I'm working on the following problem:
A single server works on an infinite supply of jobs. The amount of time it takes the server to work on a single job is exponential with rate $\mu$, successive processing times being iid. If the service of a job takes less than $b$ units of time, the server immediately starts on a new job. Otherwise, it takes a break for $a > 0$ units of time and then starts a new job immediately afterwards. Suppose that at time zero, the server starts a new job. Let $A(t)$ denote the state of the server at time t.
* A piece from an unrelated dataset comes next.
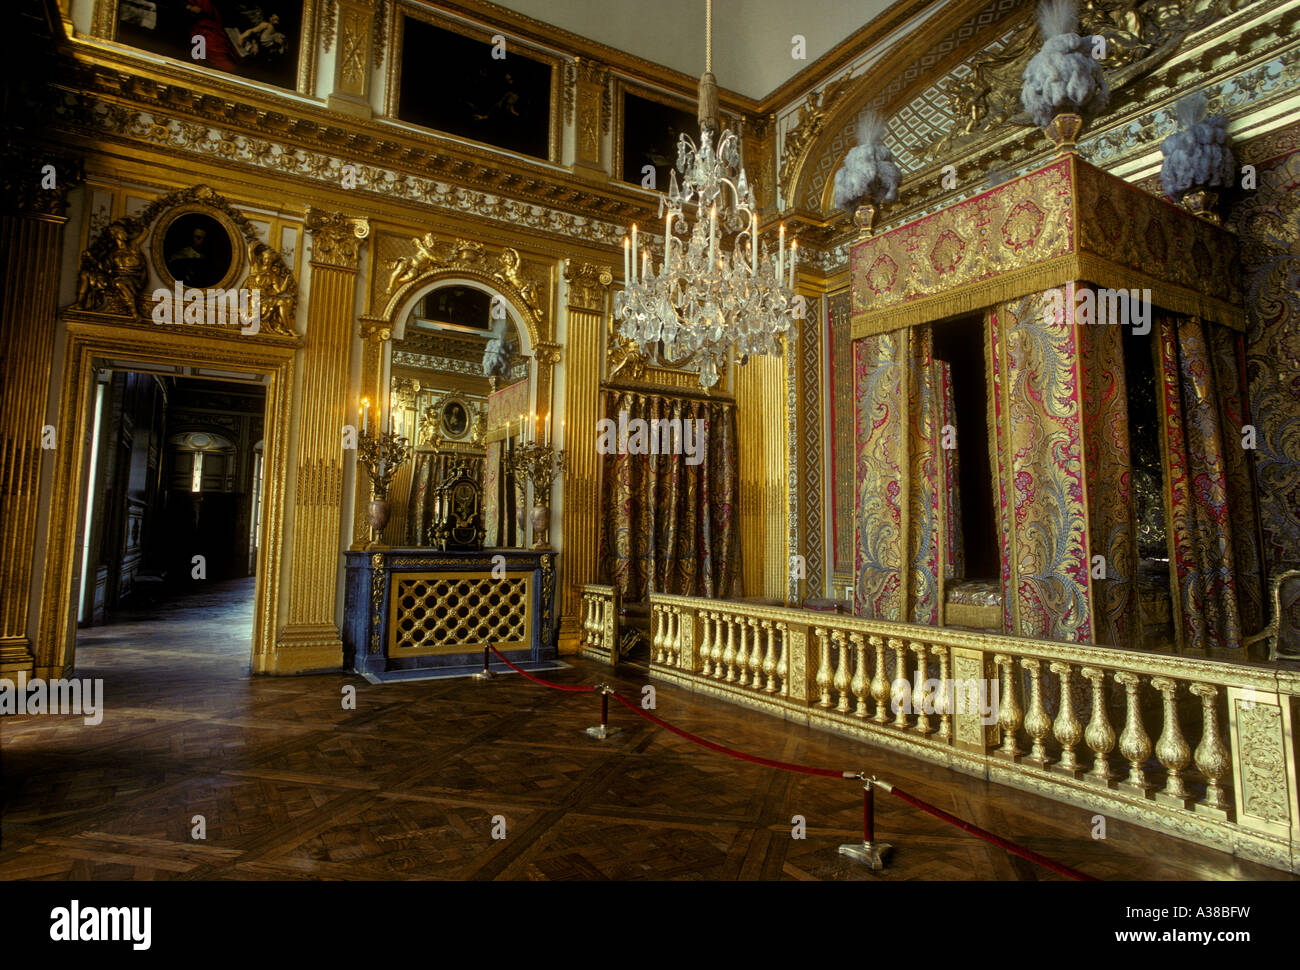 Kings Bedchamber, Chambre du Roi, Palace of Versailles, city of Versailles, Ile-de-France, France, Europe Stock Photo

If the server is working at time t, we let $A(t) = 1$, otherwise we let $A(t) = 0$.
The instructions are to derive a renewal equation for $\mathbb P(A(t)=1)$ (where $t>b$) and use the key renewal theorem to compute $\lim_{t\to\infty}\mathbb P(A(t)=1)$. However, it seems like there's a simpler solution:
Let $X_n\stackrel{\mathrm{i.i.d.}}\sim\mathsf {Exp}(\mu)$ and $$\tau = \inf\{n>0: X_n>b\}. $$ Then $\mathbb P(X_1>b)=e^{-\mu b}$, so as $$\{\tau = n\} = \{X_n > b\}\cap\bigcap_{k=1}^{n-1}\{X_n\leqslant b\}, $$ it follows that $$\mathbb P(\tau = n) = \left(1-e^{-\mu b}\right)^{n-1}e^{-\mu b}, n=1,2,\ldots $$ Let $S_n=\sum_{k=1}^n X_k$, then the time until the server takes a break is $S_\tau$. A geometric sum of i.i.d. exponential random variables is again exponential, so $S_\tau\sim\mathsf{Exp}(e^{-\mu b}\mu)$. Letting $U_n\stackrel{\mathrm{i.i.d.}}\sim\mathsf{Exp}(e^{-\mu b}\mu)$ and $D_n\equiv a$ we see that $A(t)$ is the state process corresponding to the alternating renewal process $\{(U_n,D_n):n\geqslant 1\}$. It follows then from the key renewal theorem that $$\lim_{t\to\infty} \mathbb P(A(t)=1) = \frac{\mathbb E[U_1]}{\mathbb E[U_1]+\mathbb E[D_1]} = \frac{e^{\mu b}/\mu}{e^{\mu b}/\mu + a}=\frac{e^{\mu b}}{e^{\mu b}+a\mu}. $$
My questions here are, naturally:
- Is my argument correct?
- What would the renewal equation look like?